To use Quackling, simply install `quackling` from your package manager, e.g. pip:

```sh
pip install quackling
```

## Usage

Quackling offers core capabilities (`quackling.core`), as well as framework integration components (`quackling.llama_index` and `quackling.langchain`).
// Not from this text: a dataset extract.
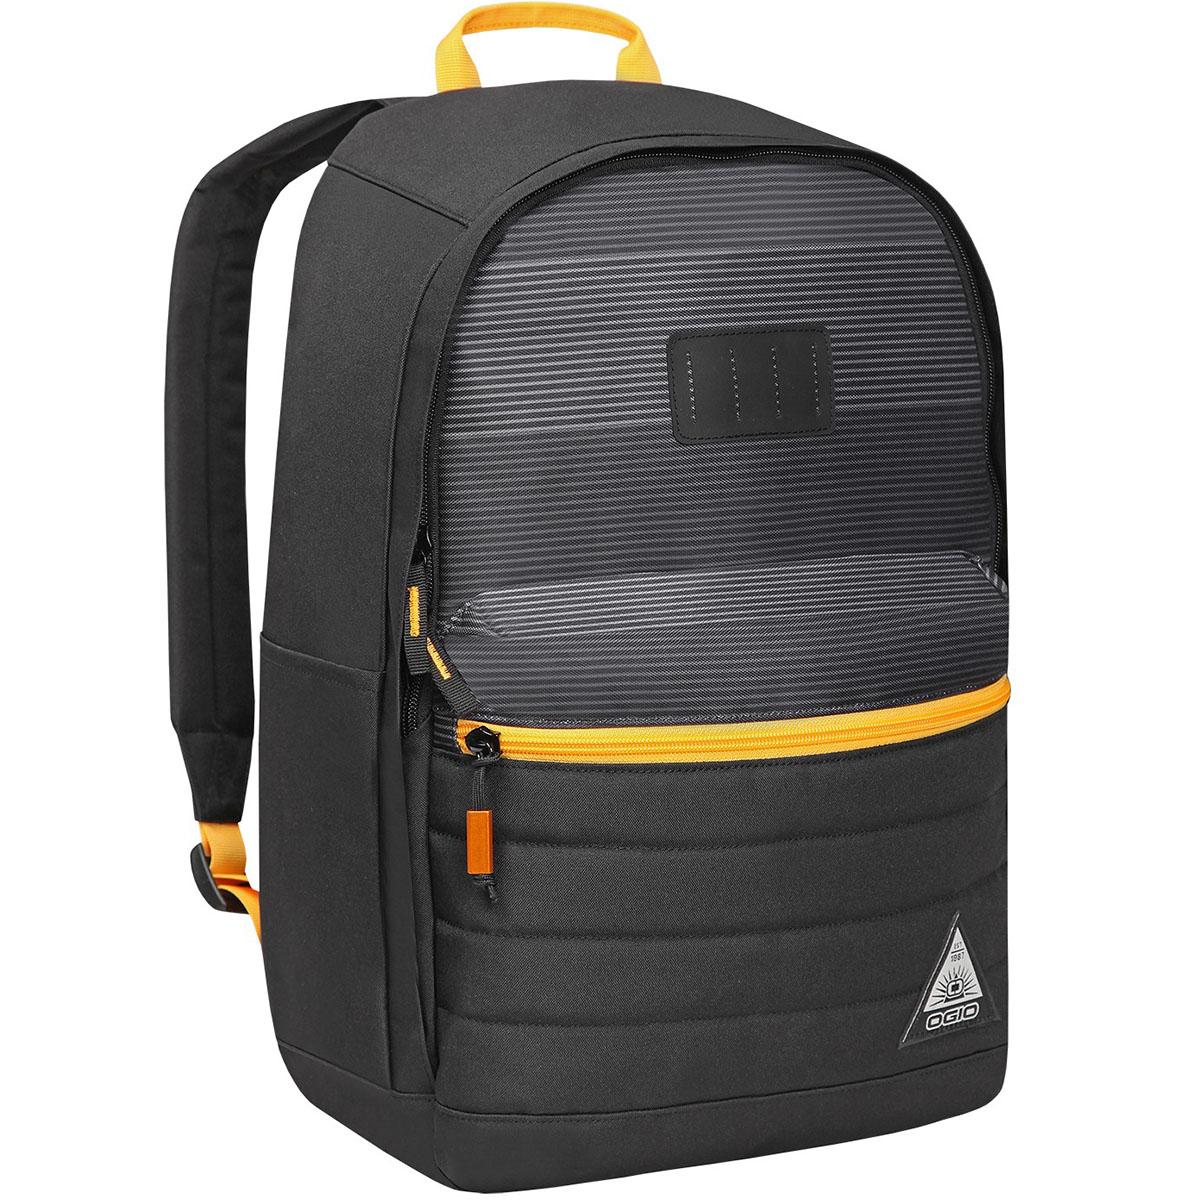 Рюкзак городской Urban. Lewis Pack (A/S), цвет: темно-серый, желтый. 031652226968031652226968Компактный, но при этом достаточно вместительный рюкзак от Ogio. Имеется специализированный отсек для ноутбука а также уплотненный карман для ценных вещей на молнии. Внешний передний и боковой карманы на вертикальной молнии обеспечивают быстрый доступ к содержимому, позволяя всегда держать необходимые аксессуары и документы поблизости.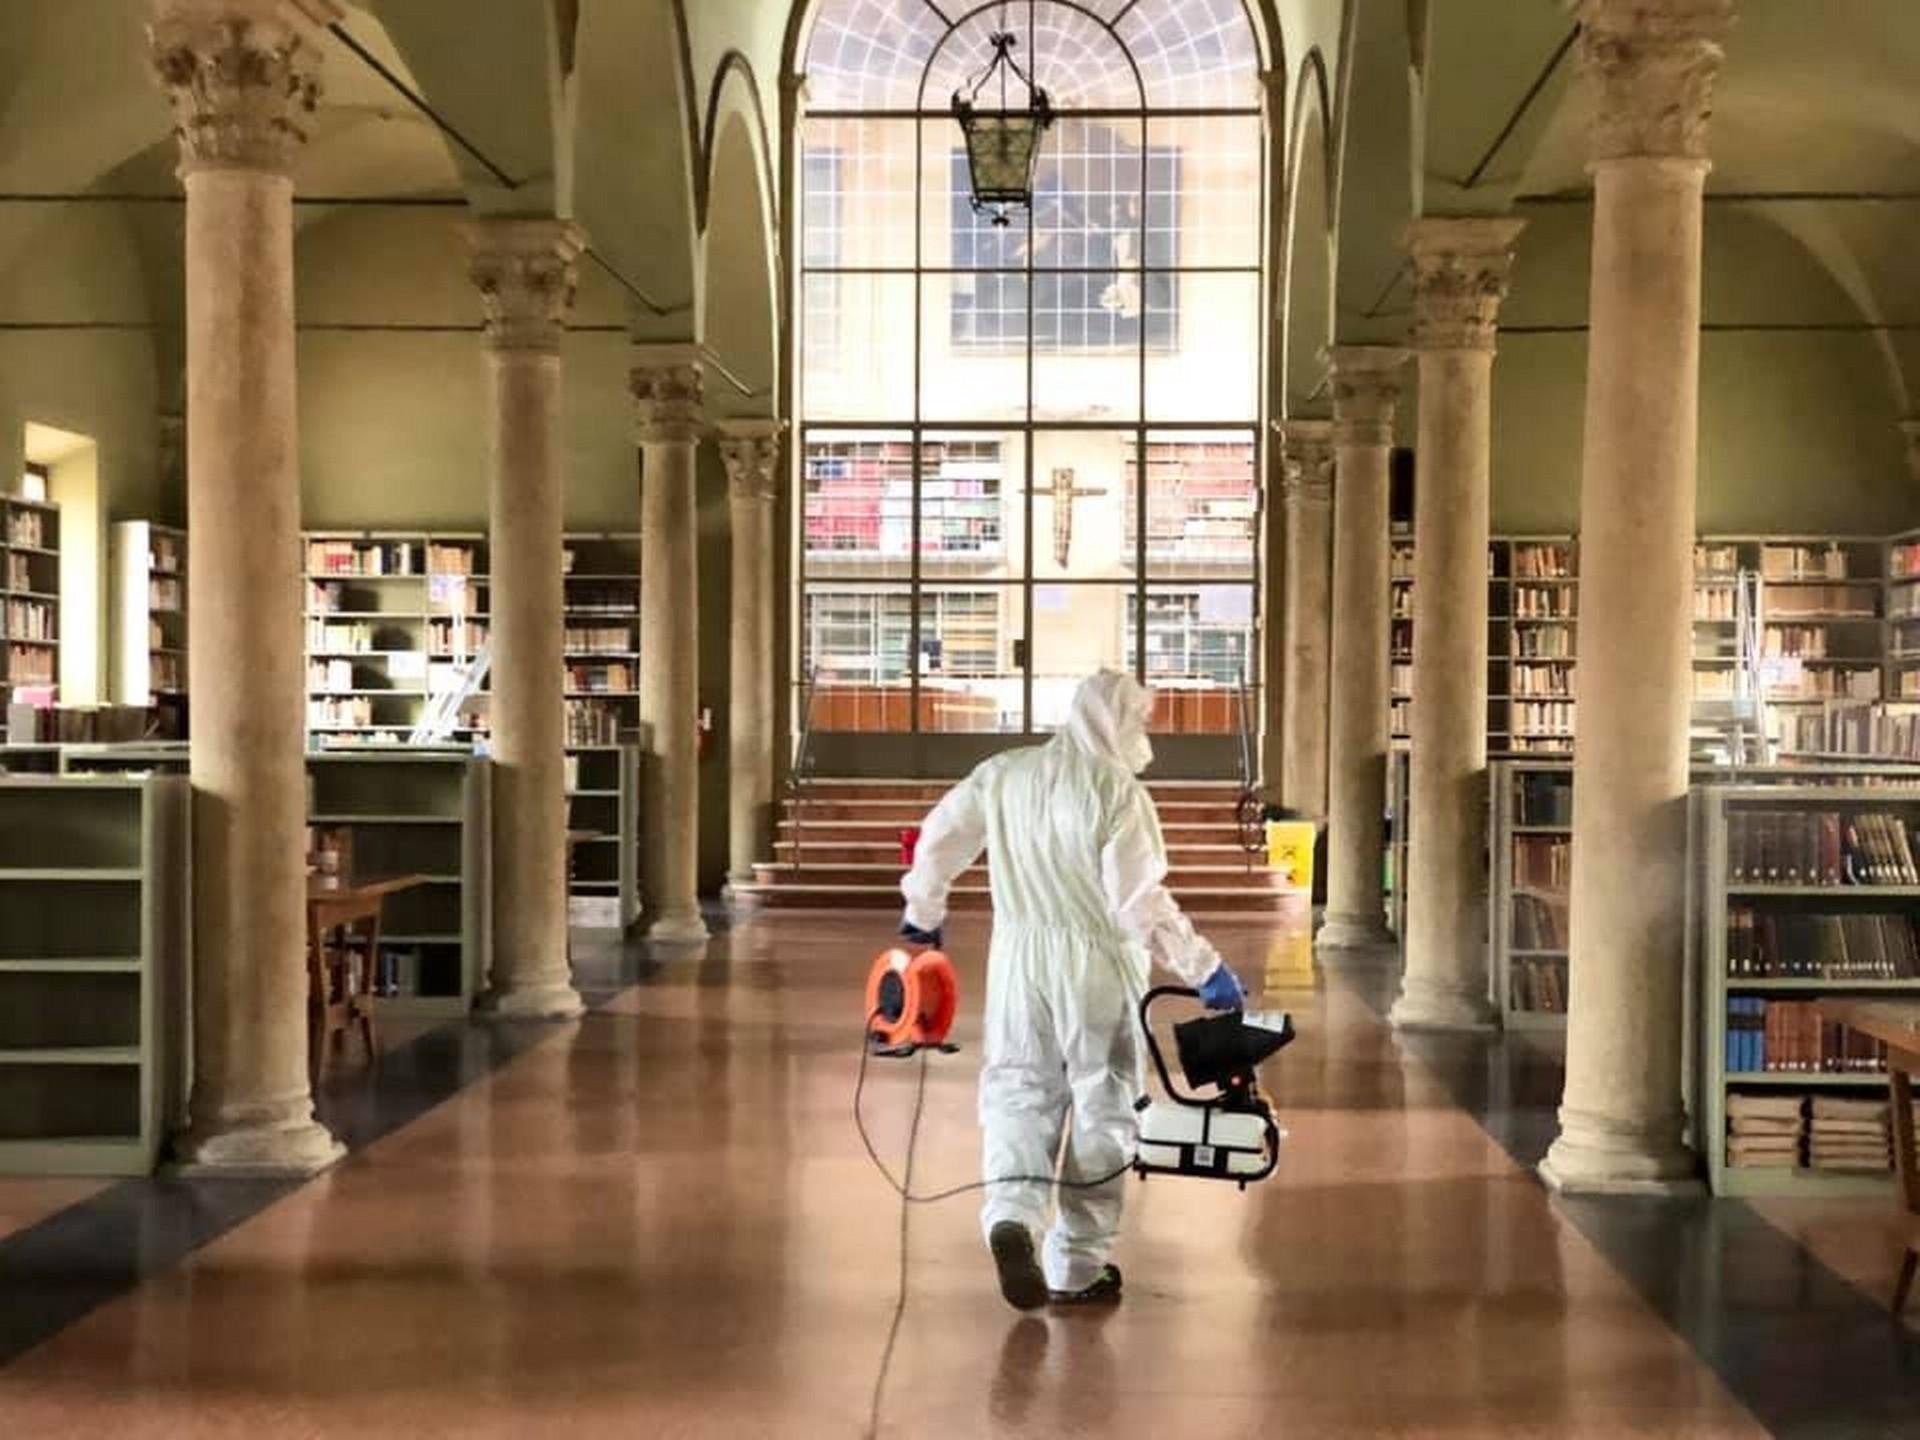 Pulizia Biblioteche 2_1920_1440

Below you find examples of both.

### Basic RAG

Here is a basic RAG pipeline using LlamaIndex:

> [!NOTE]
> To use as is, first `pip install llama-index-embeddings-huggingface llama-index-llms-huggingface-api`
> additionally to `quackling` to install the models.
> Otherwise, you can set `EMBED_MODEL` & `LLM` as desired, e.g. using
> [local models](https://docs.llamaindex.ai/en/stable/getting_started/starter_example_local).

```python
import os

from llama_index.core import VectorStoreIndex
from llama_index.embeddings.huggingface import HuggingFaceEmbedding
from llama_index.llms.huggingface_api import HuggingFaceInferenceAPI
from quackling.llama_index.node_parsers import HierarchicalJSONNodeParser
from quackling.llama_index.readers import DoclingPDFReader

DOCS = ["https://arxiv.org/pdf/2206.01062"]
QUESTION = "How many pages were human annotated?"
EMBED_MODEL = HuggingFaceEmbedding(model_name="BAAI/bge-small-en-v1.5")
LLM = HuggingFaceInferenceAPI(
    token=os.getenv("HF_TOKEN"),
    model_name="mistralai/Mistral-7B-Instruct-v0.3",
)

index = VectorStoreIndex.from_documents(
    documents=DoclingPDFReader(parse_type=DoclingPDFReader.ParseType.JSON).load_data(DOCS),
    embed_model=EMBED_MODEL,
    transformations=[HierarchicalJSONNodeParser()],
)
query_engine = index.as_query_engine(llm=LLM)
result = query_engine.query(QUESTION)
print(result.response)
# > 80K pages were human annotated
```

### Chunking

You can also use Quackling as a standalone with any pipeline.
For instance, to split the document to chunks based on document structure and returning pointers
to Docling document's nodes:

```python
from docling.document_converter import DocumentConverter
from quackling.core.chunkers import HierarchicalChunker

doc = DocumentConverter().convert_single("https://arxiv.org/pdf/2408.09869").output
chunks = list(HierarchicalChunker().chunk(doc))
# > [
# >     ChunkWithMetadata(
# >         path='$.main-text[4]',
# >         text='Docling Technical Report\n[...]',
# >         page=1,
# >         bbox=[117.56, 439.85, 494.07, 482.42]
# >     ),
# >     [...]
# > ]
```

## More examples

### LlamaIndex

- [Milvus basic RAG (dense embeddings)](examples/llama_index/basic_pipeline.ipynb)
- [Milvus hybrid RAG (dense & sparse embeddings combined e.g. via RRF) & reranker model usage](examples/llama_index/hybrid_pipeline.ipynb)
- [Milvus RAG also fetching native document metadata for search results](examples/llama_index/native_nodes.ipynb)
- [Local node transformations (e.g. embeddings)](examples/llama_index/node_transformations.ipynb)
- ...

### LangChain
- [Milvus basic RAG (dense embeddings)](examples/langchain/basic_pipeline.ipynb)

## Contributing

Please read [Contributing to Quackling](./CONTRIBUTING.md) for details.

## References

If you use Quackling in your projects, please consider citing the following:

```bib
@techreport{Docling,
  author = "Deep Search Team",
  month = 8,
  title = "Docling Technical Report",
  url = "https://arxiv.org/abs/2408.09869",
  eprint = "2408.09869",
  doi = "10.48550/arXiv.2408.09869",
  version = "1.0.0",
  year = 2024
}
```

## License

The Quackling codebase is under MIT license.
For individual component usage, please refer to the component licenses found in the original packages.